- Abbreviation: FP
- President: Leonel Fernández
- Secretary-General: Antonio Florián
- Vicepresident: Radhamés Jiménez
- Founded: 17 October 2019
- Split from: Dominican Liberation Party
- Preceded by: Dominican Workers' Party
- Headquarters: Avenida Bolívar no. 101, esquina Doctor Báez, Gazcue, Distrito Nacional
- Membership (2023): 1,920,000
- Ideology: Progressivism
- Political position: Left-wing
- Regional affiliation: São Paulo Forum
- Colors: Green and white
- Chamber of Deputies: 27 / 190
- Senate: 3 / 32

Website
- fuerzadelpueblo.do

= People's Force =

The People's Force (Fuerza del Pueblo, FP) is a political party in the Dominican Republic led by former President Leonel Fernández.

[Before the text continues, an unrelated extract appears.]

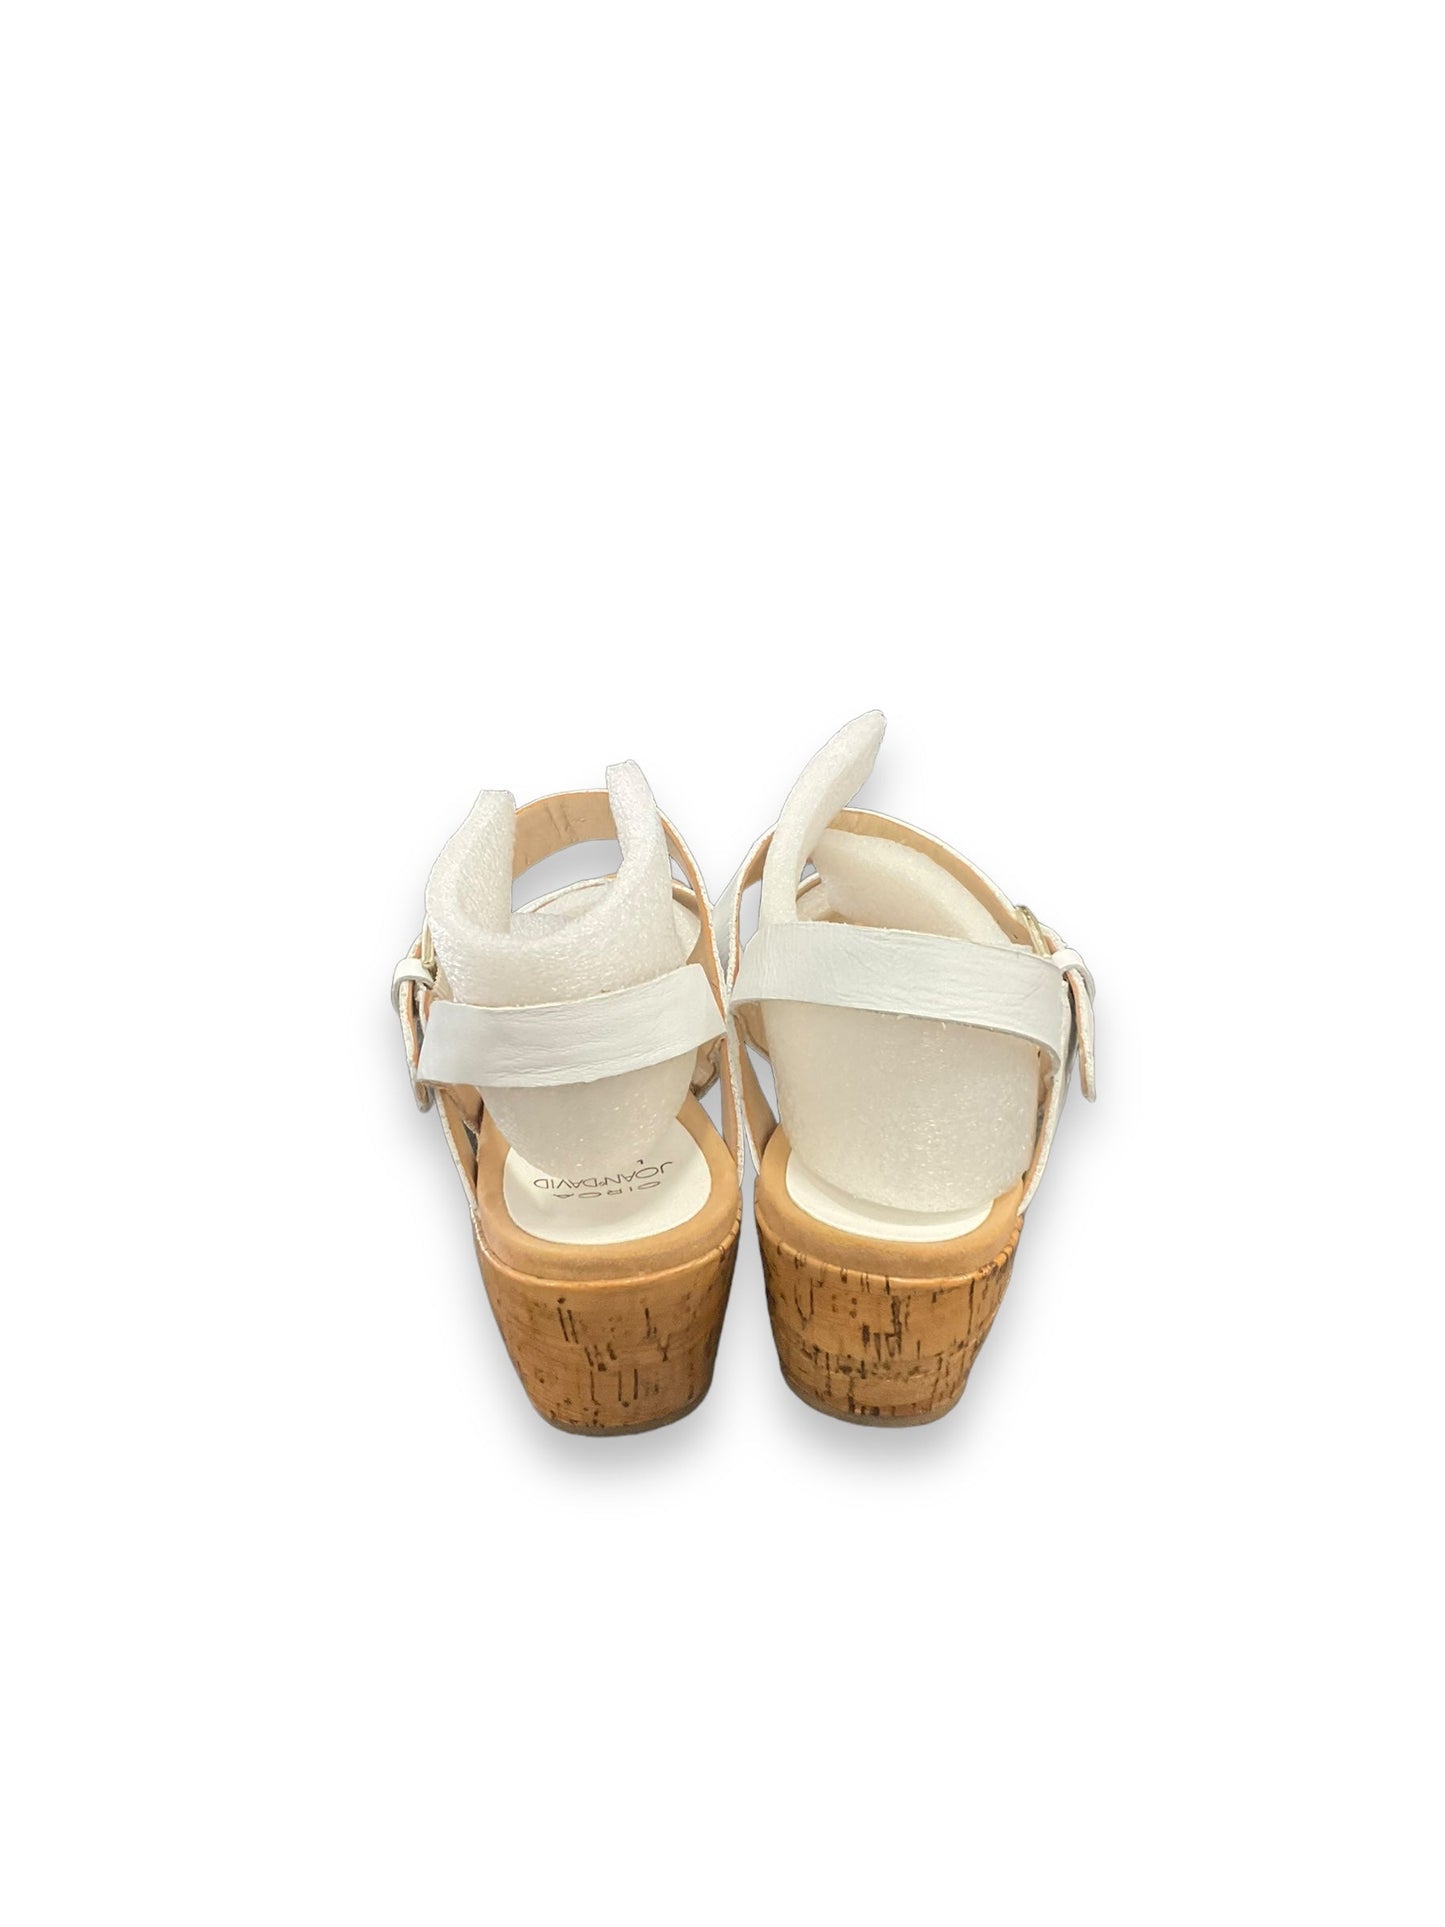 White Sandals Heels Wedge Circa Joan And David, Size 8

Amid accusations of electoral fraud in the primary elections of October 2019, Leonel Fernández resigned from the presidency and militancy of the Dominican Liberation Party. Later, the already established Dominican Workers' Party welcomed him and agreed to change its name to People's Force and have Fernández as its presidential candidate, a change approved by the Central Electoral Board on 17 December of that year.

== History ==

=== Emergence ===
Leonel Fernández presented his pre-candidacy for the presidency of the Dominican Republic in early 2018 with the intention of competing within his party in the simultaneous primary elections of October 2019. During this process, he attacked his party partner and former president of the Dominican Republic, Danilo Medina, urging him to desist from seeking a third consecutive term and to avoid attempting to modify the constitution. This situation came to be seen in the National Congress but did not materialize given the political and social pressure that existed at that moment. The peak was reached when Leonel Fernández held a massive protest in front of the National Congress, manifesting an important division within the Dominican Liberation Party.

After President Danilo Medina gave up on seeking a third term and modifying the constitution, the Minister of Public Works and a close collaborator of Medina, Gonzalo Castillo, presented himself as a pre-candidate for the presidency with the backing of the incumbent president, which generated internal friction. Finally, Fernández was defeated by a narrow margin by Gonzalo Castillo, after which he called the electoral contest a "fraud". This was followed by several protests, televised addresses, and challenges to the Central Electoral Board, though Fernández never presented evidence or a formal complaint regarding his accusations.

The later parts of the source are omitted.